I don't want to go into a dubbel style, I'd like to keep is sessionable.
Perhaps remove some color ingredients, up the pilsner?
I would love some 515 but I missed the boat on it.
Ok in that case, just use the Belgian yeast and use a single malt for colour adjustment. Pale chocolate in small ammounts doesn't affect flavour too much, maybe a bit toasty.
Quote from: molc on January 10, 2016, 12:30:09 PM
Ok in that case, just use the Belgian yeast and use a single malt for colour adjustment. Pale chocolate in small ammounts doesn't affect flavour too much, maybe a bit toasty.
So which malts do you think should be taken out?
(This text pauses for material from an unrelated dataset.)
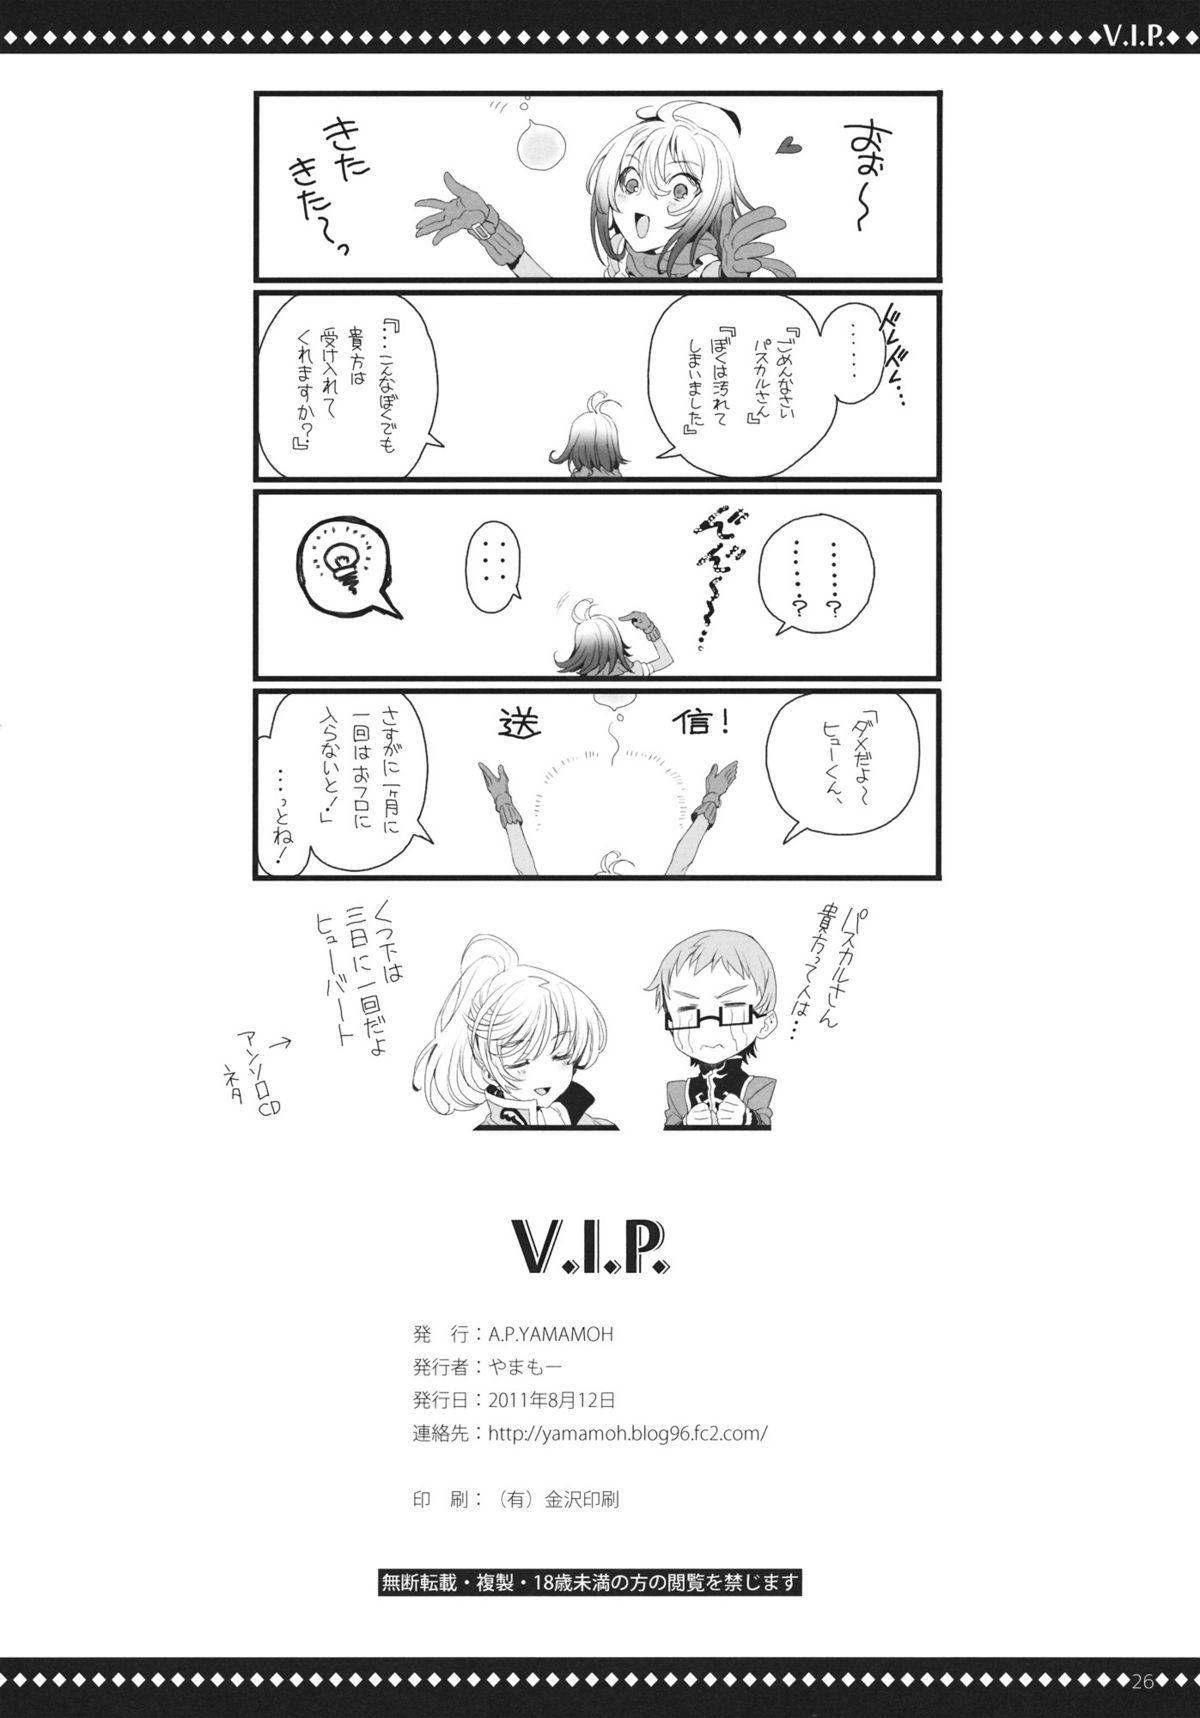 V.I.P. 24

I could reduce the chocolate even further - I simply wanted it in there for color. Which is the reason I believe its in most De Konick clone recipes
saw your comment about dark candi - wouldn't that just add to fermentable and color? I'm at the top of the range on ABV I think
Theres two different threads here. One is making a Belgian pale ale, the other is a De konick clone.
If you're going the clone road, stick with your recipe, as I don't know enough about that beer to critique.